Толстяк принялся рассказывать, а Петер подумал: этот умеет развлечь публику не хуже того шоумена, что выступает на местном телевидении. Не все, что говорил шофер, Петеру было понятно, зато он вспомнил переводчика Радаковича, рассказывавшего ему о сербской традиции устного сказа долгими зимами у очага. Видовданка смотрела на Петера. Несколько раз их взгляды пересекались. Теперь ему казалось, что она смотрит на него его глазами, а он на нее — глазами Видовданки.

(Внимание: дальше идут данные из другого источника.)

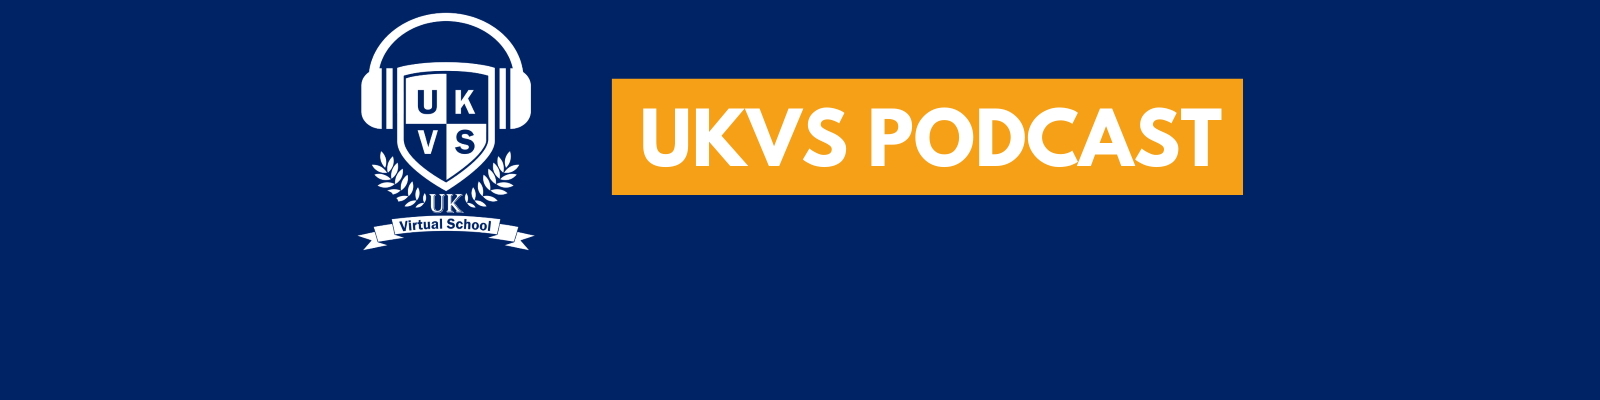 UK Virtual School Podcast - UKVS
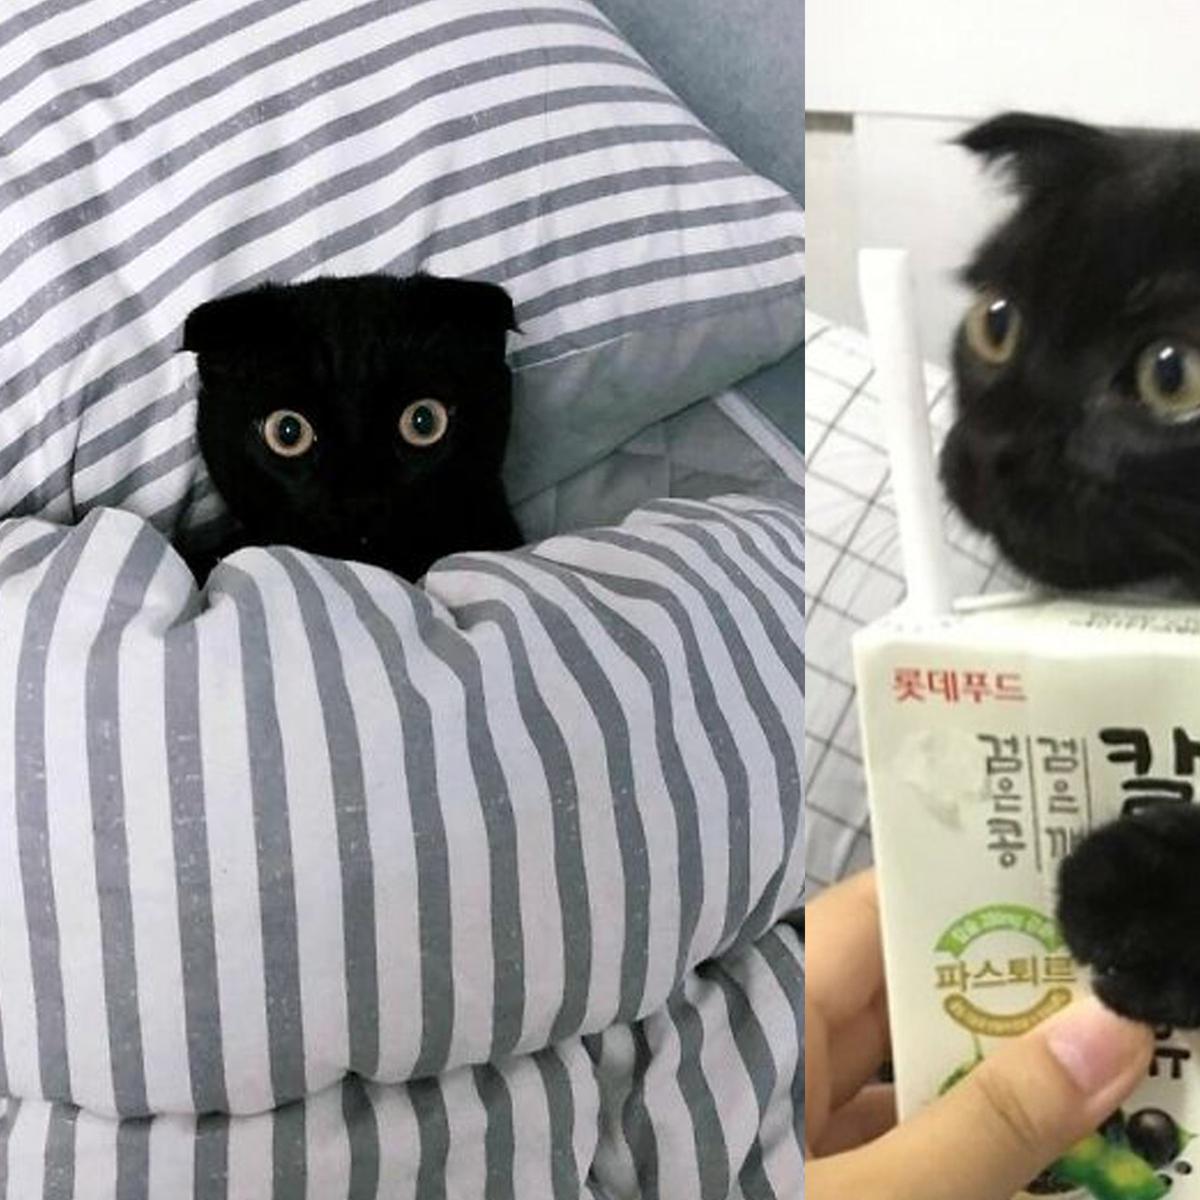 Kucing hitam meme

— Жил-был Влайко Милованович с Мокрой Горы, и после войны он эмигрировал в Германию, в Дюссельдорф. У него хорошо пошли дела, он стал работать на стройке каменщиком. Потом познакомился с бригадой славян-«юговичей» и вместе с ними устроился на другую стройку, затем на следующую и еще на одну. Вот так, возводя дома — судя по всему, отличные, — он в итоге разбогател. И вдруг у него заболела душа, шли уже шестидесятые годы, Тито помиловал некоторых «предателей», и Влайко Милованович тоже оказался в этом списке! Он решил съездить на родину. Не для того, чтобы остаться с нами, с коммунизмом он не примирился, — просто хотел отыскать могилу отца и перевезти его останки в Германию. Приехав в Мокру Гору, он ни к кому не заглянул, а спозаранку отправился в свое бывшее имение. Оно сплошь заросло кустарником, и Влайко нанял двоих раскорчевать луг. Не теряя времени, он стал искать могилу отца, но за целый день ничего не обнаружил. Удрученный и расстроенный из-за пустой траты времени и напрасных поисков, он завернул в сельский магазинчик, купил пиво и едва успел сделать глоток, как к нему подошел местный пьянчужка, некто Милован Милованович, его однофамилец.
— Ты Влайко Милованович?
— Я, а вроде и не я!
— Ищешь могилу отца?
— Так и есть, но все впустую.
— Я твой сосед и знаю, где похоронен твой отец!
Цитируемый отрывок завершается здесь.